0.50g of imidazole type diamine ionic liquid (1, 3-bis (aminoethyl) -2-methylimidazolium bromide) was dissolved in 7mL of N, N-dimethylacetamide. Injecting the precursor solution into a reaction kettle, purging with carbon dioxide for 5min to remove oxygen, heating to 200 deg.C, and introducing 10MPa CO₂Stirring and reacting for 12h, washing the solid precipitate with ethyl acetate for multiple times and drying to obtain CO₂And (3) ionic polyurea.

Example 5

0.10g of imidazole type diamine ionic liquid (1, 3-bis (aminoethyl) -2-methylimidazolium bromide) was dissolved in 7mL of N, N-dimethylacetamide, and 20 mole fraction of DBU as the ionic liquid was added. Injecting the precursor solution into a reaction kettle, purging with carbon dioxide for 5min to remove oxygen, heating to 200 deg.C, and introducing 10MPa CO₂Stirring and reacting for 24 hours, washing the solid precipitate with ethyl acetate for multiple times and drying to obtain CO₂And (3) ionic polyurea.

Example 6

0.50g of imidazole type diamine ionic liquid (1, 3-bis (aminoethyl) -2-methylimidazolium bromide) was dissolved in 7mL of N, N-dimethylacetamide, and 20 mole fraction of DBU as the ionic liquid was added.
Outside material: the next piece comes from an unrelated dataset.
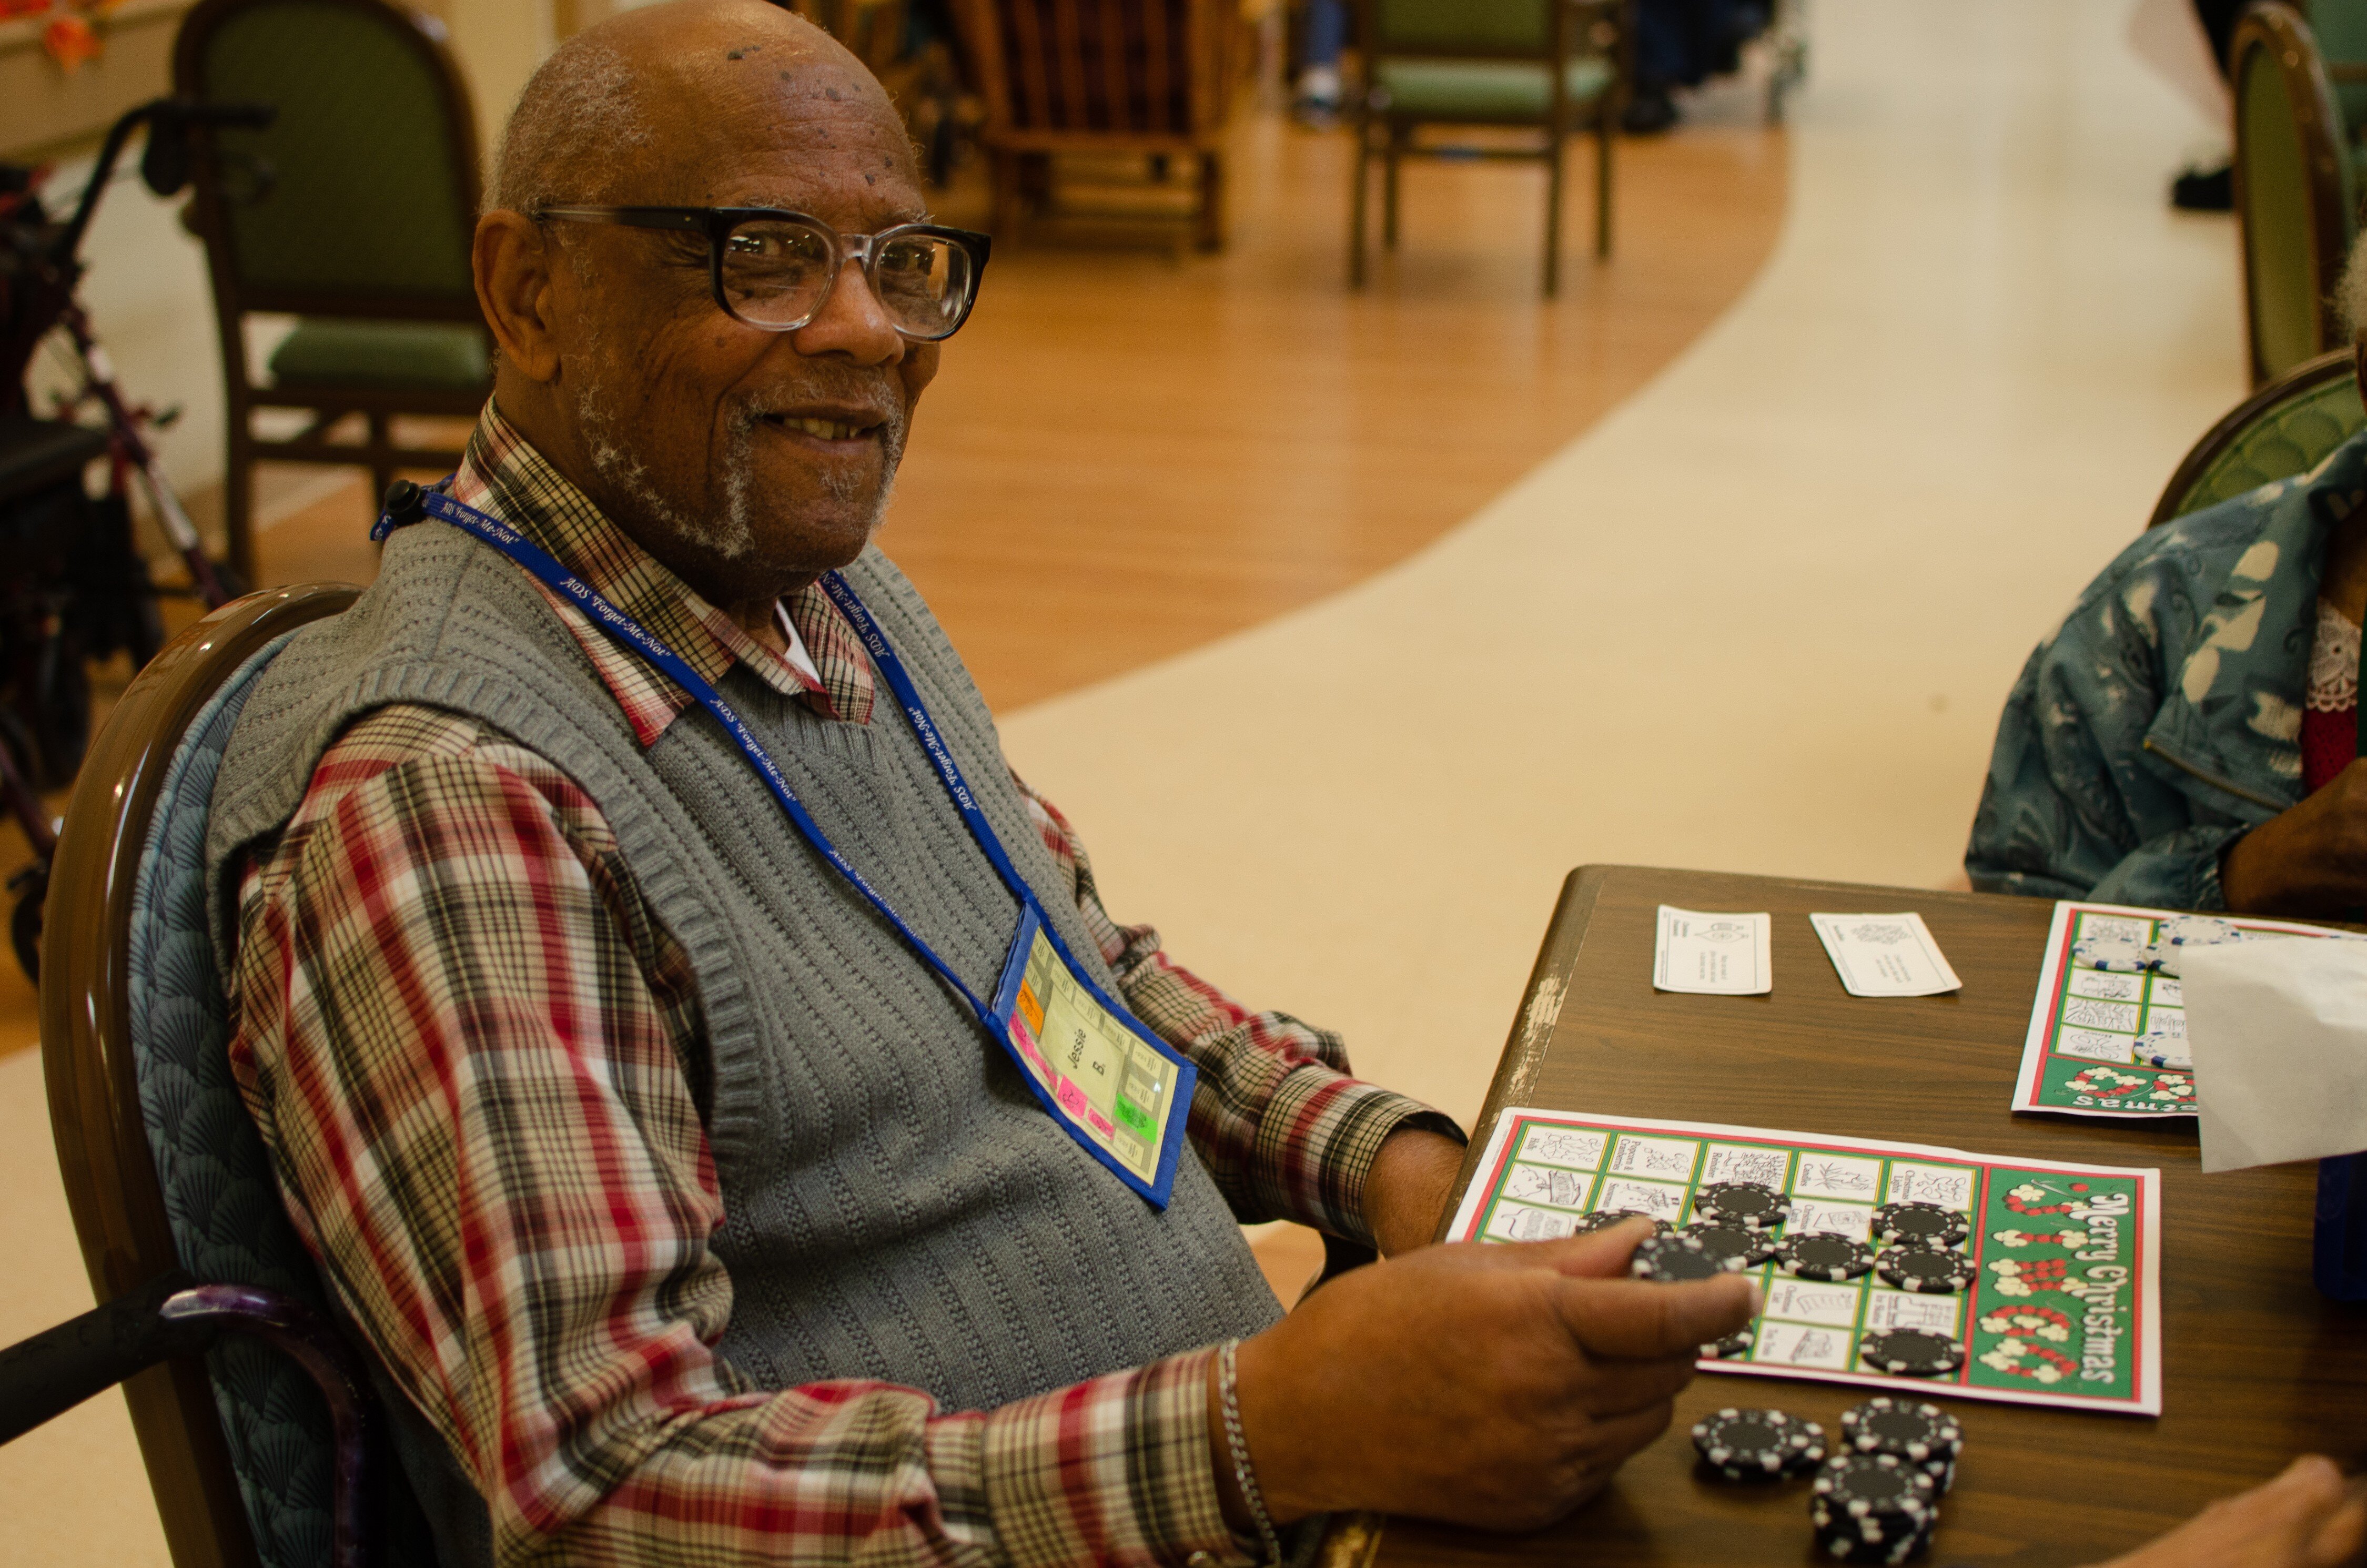 Jessie plays a Christmas-themed BINGO-style game at Dorothy's Place. Dorothy's Place offers a host of activities for Alzheimer's and dementia patients like Jessie. (Cat Evans)

Injecting the precursor solution into a reaction kettle, purging with carbon dioxide for 5min to remove oxygen, heating to 100 deg.C, and introducing 10MPa CO₂Stirring for reaction for 24h, and reacting with acetic acidWashing the ester for multiple times, precipitating and drying to obtain CO₂And (3) ionic polyurea.

Example 7

0.50g of imidazole type diamine ionic liquid (1, 3-bis (aminoethyl) -2-methylimidazolium bromide) was dissolved in 7mL of N, N-dimethylacetamide, and 20 mole fraction of DBU as the ionic liquid was added. Injecting the precursor solution into a reaction kettle, purging with carbon dioxide for 5min to remove oxygen, heating to 200 deg.C, and introducing 4MPa CO₂Stirring and reacting for 24 hours, washing the solid precipitate with ethyl acetate for multiple times and drying to obtain CO₂And (3) ionic polyurea.
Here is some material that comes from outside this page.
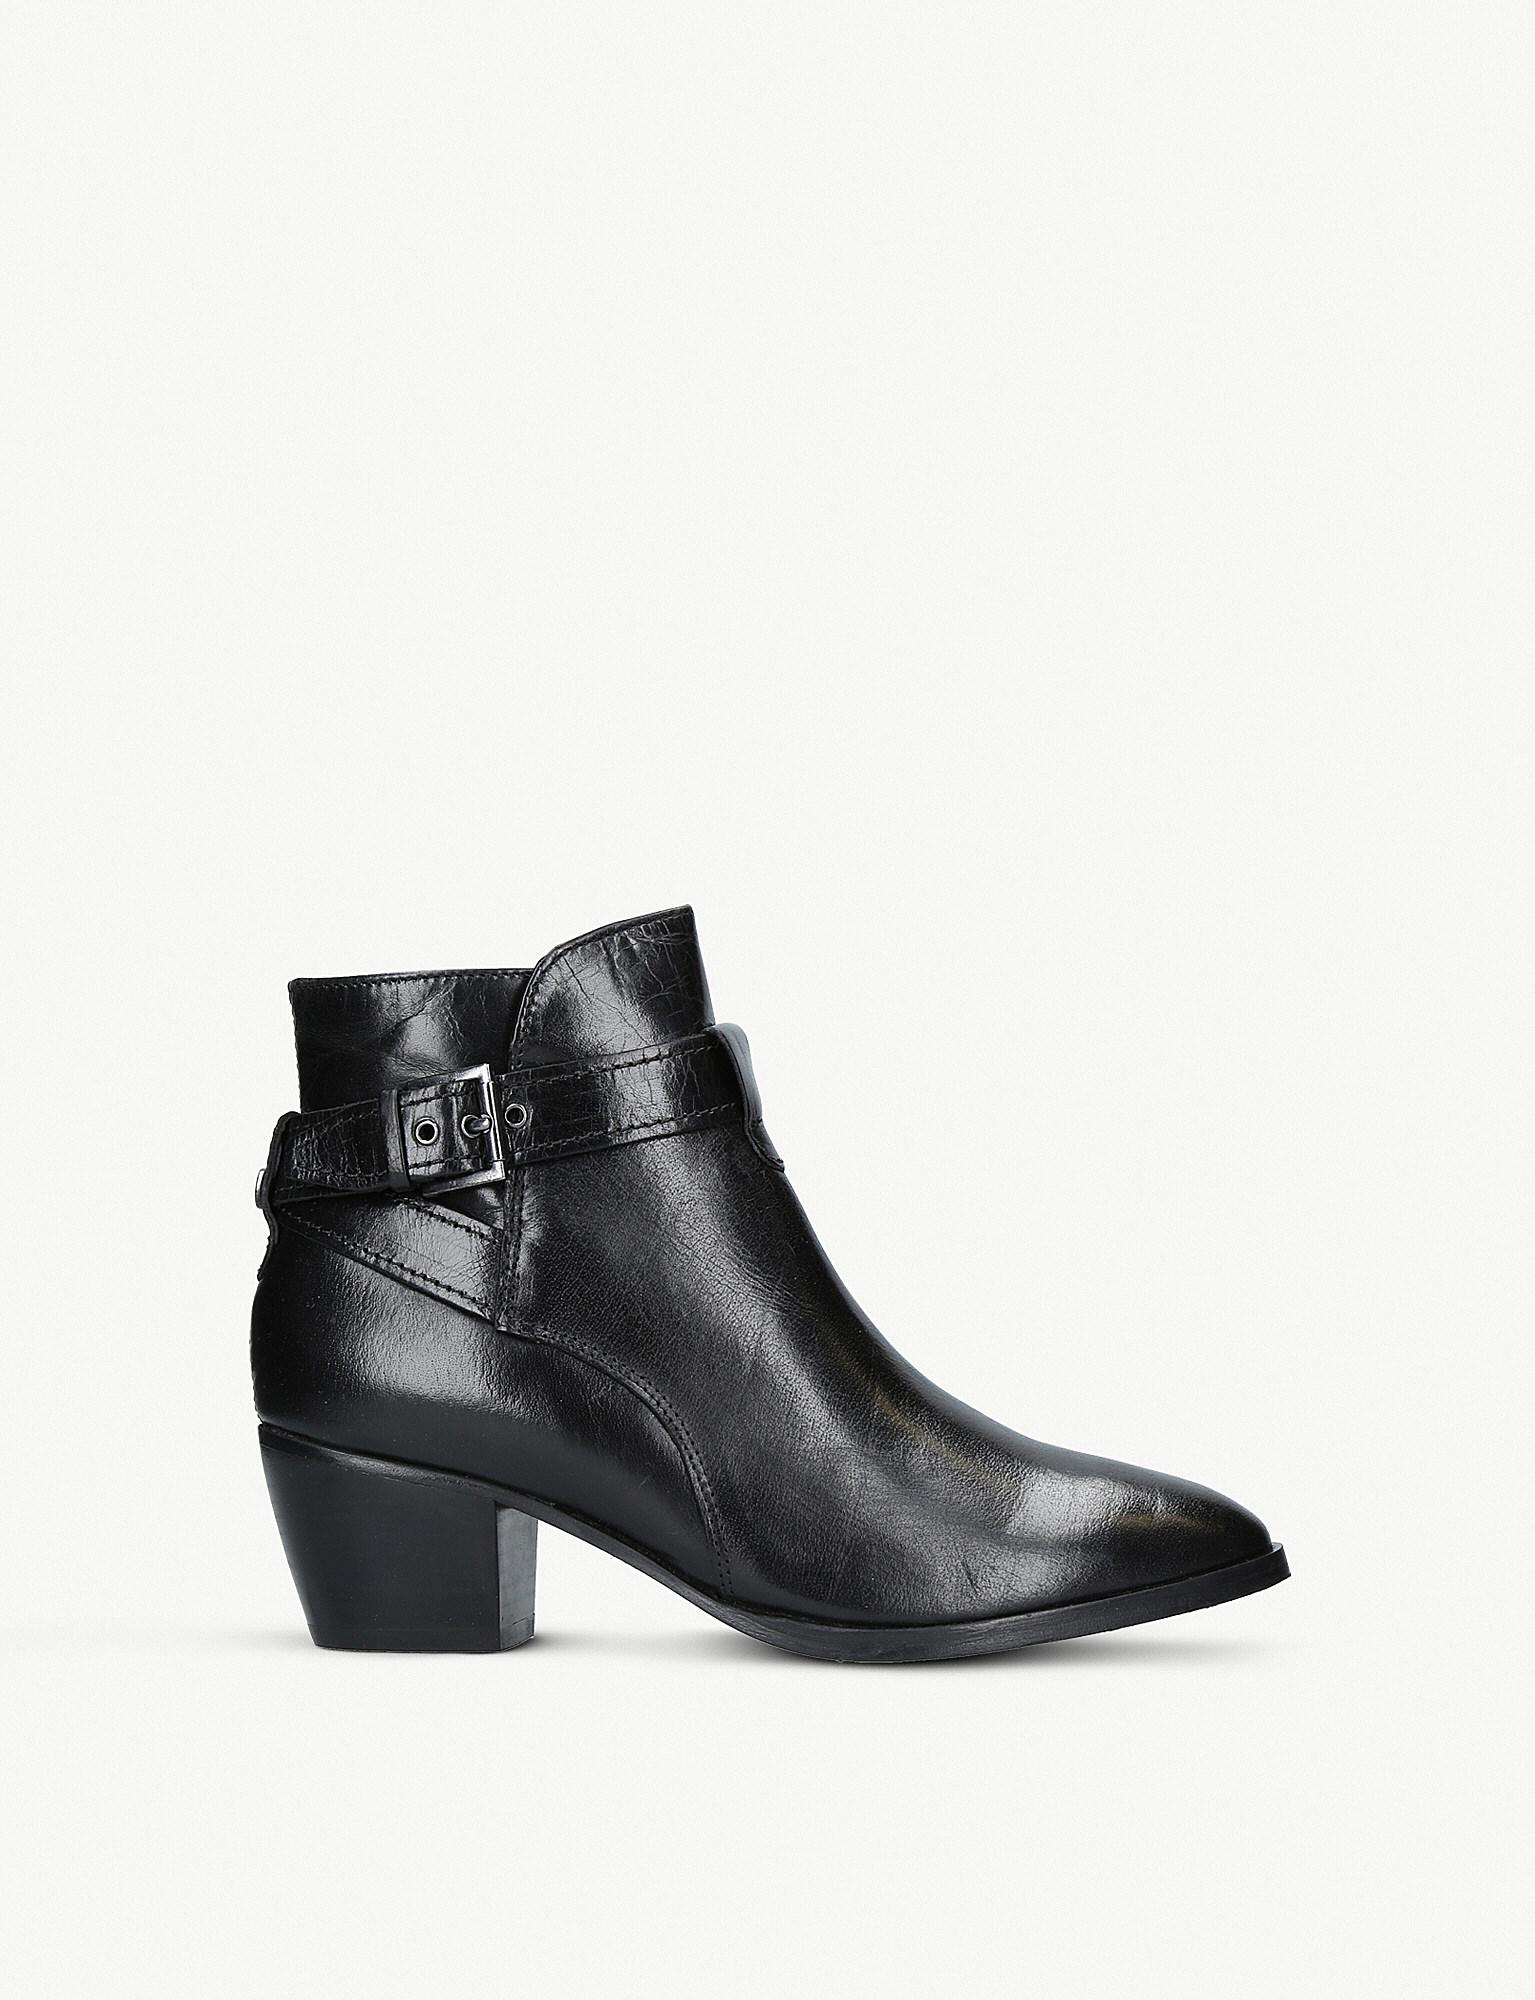 Nine West Naomi Leather Boots in Black | Lyst

Example 8 0.50g of imidazole-type diamine ionic liquid (1, 3-bis (aminoethyl) -2-methylimidazolium bromide) was dissolved in 7mL of N, N-dimethylacetamide and 20 mole fraction of DBU was added as ionic liquid. Injecting the precursor solution into a reaction kettle, purging with carbon dioxide for 5min to remove oxygen, heating to 200 deg.C, and introducing 10MPa CO₂Stirring and reacting for 12h, washing the solid precipitate with ethyl acetate for multiple times and drying to obtain CO₂And (3) ionic polyurea.
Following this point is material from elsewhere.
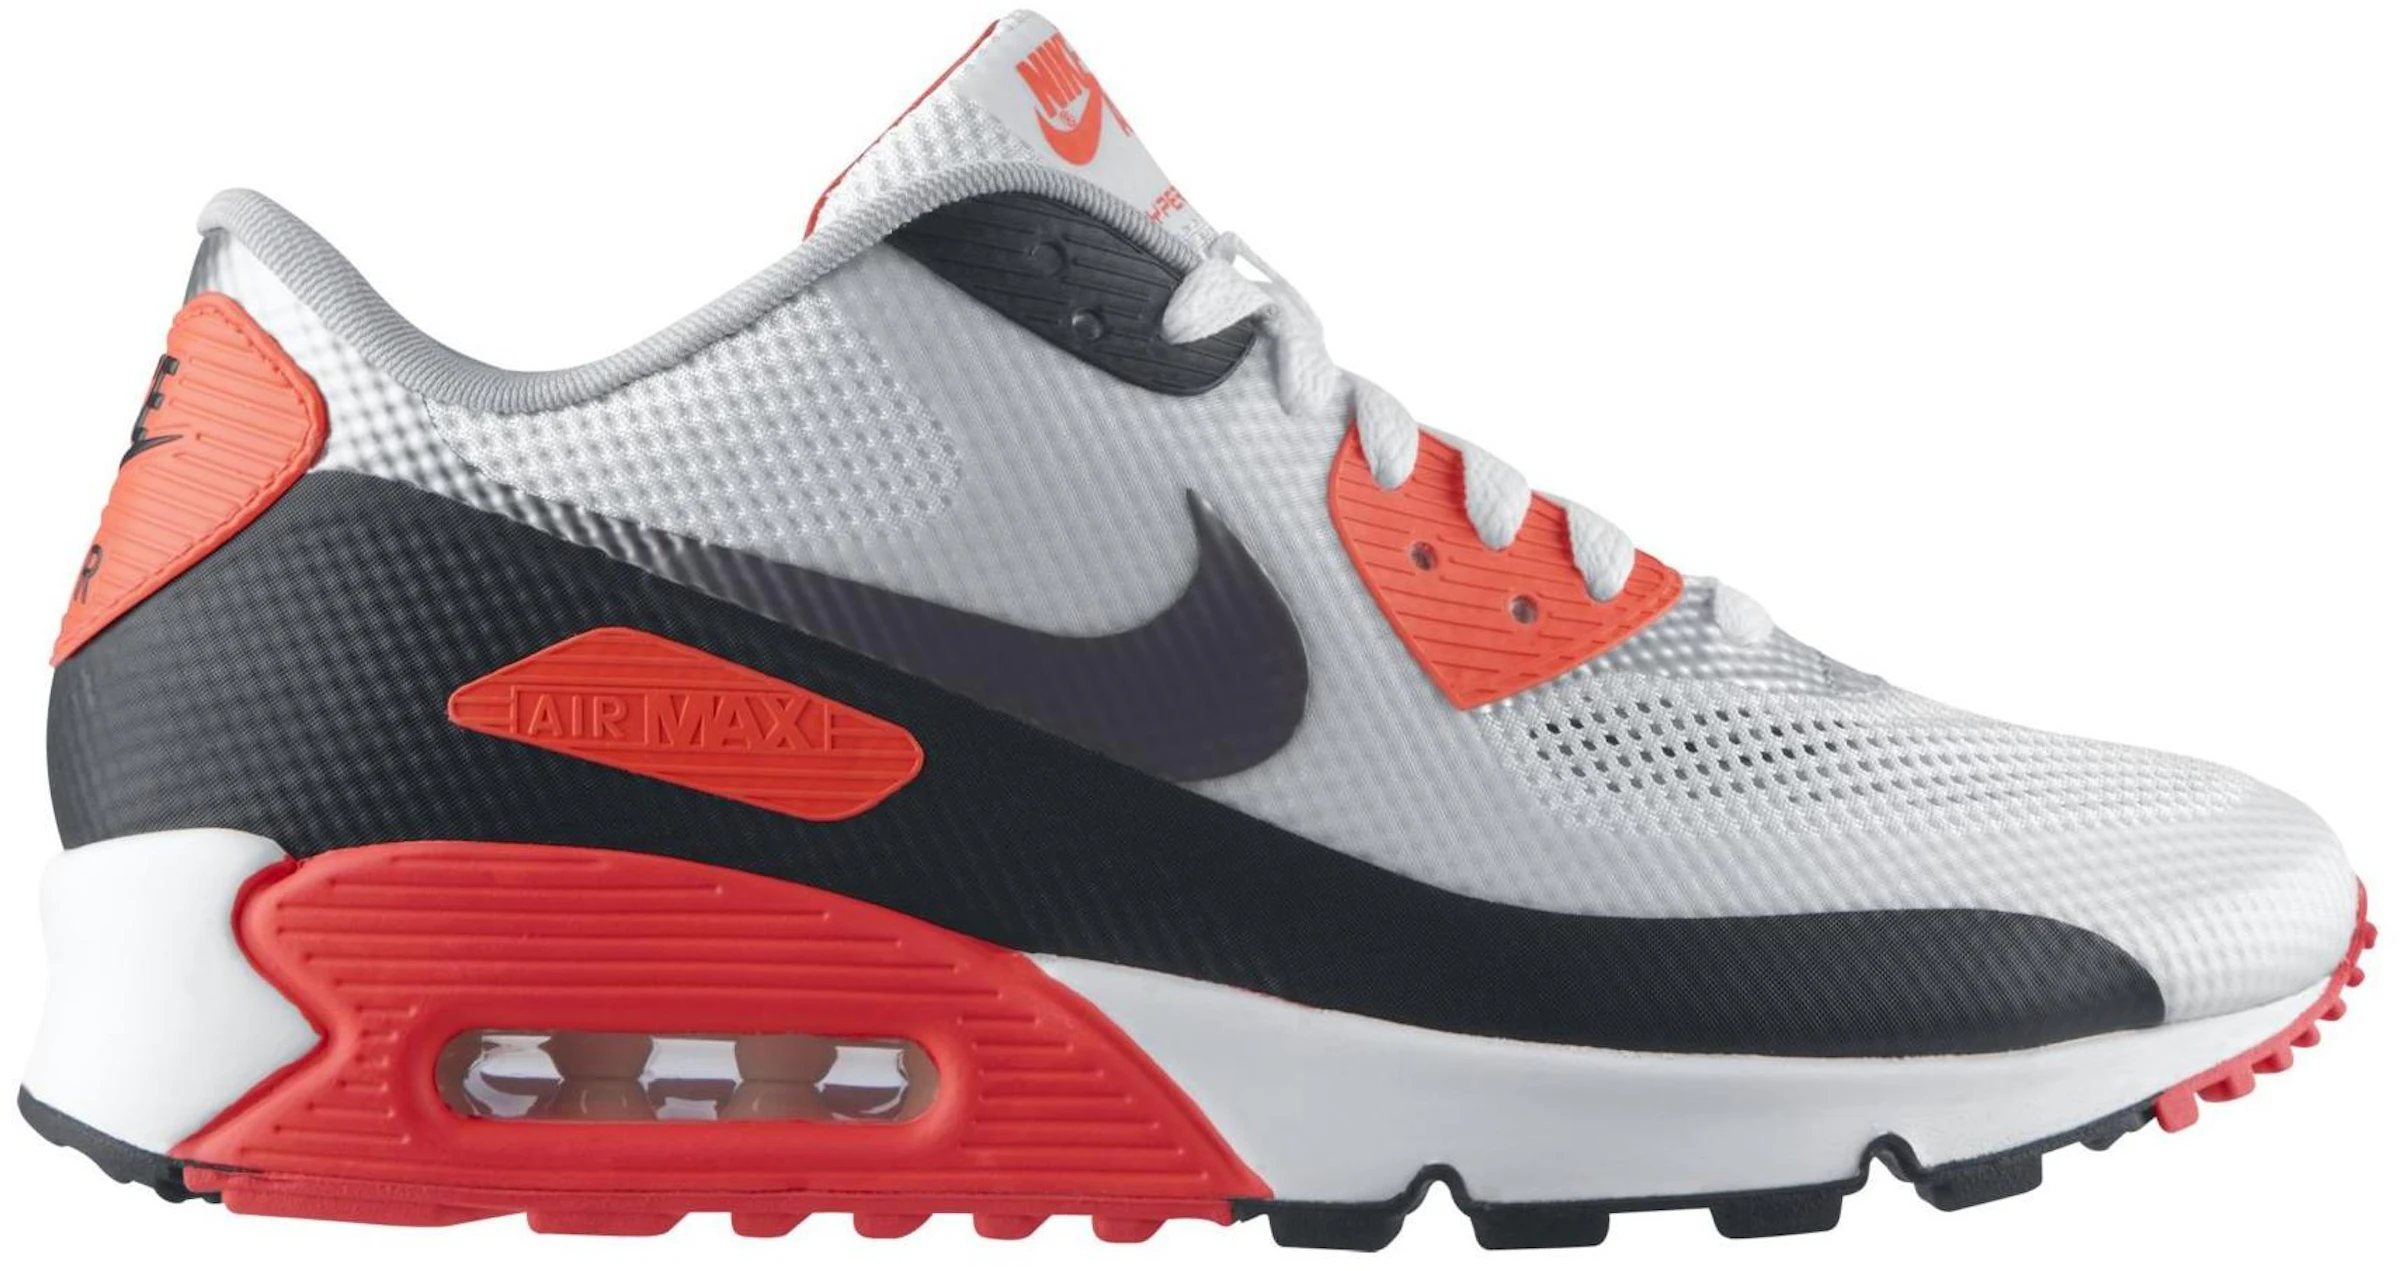 Nike Air Max 90 Hyperfuse | vlr.eng.br

The embodiments described above are described to facilitate an understanding and use of the invention by those skilled in the art. It will be readily apparent to those skilled in the art that various modifications to these embodiments may be made, and the generic principles described herein may be applied to other embodiments without the use of the inventive faculty. Therefore, the present invention is not limited to the above embodiments, and those skilled in the art should make improvements and modifications within the scope of the present invention based on the disclosure of the present invention.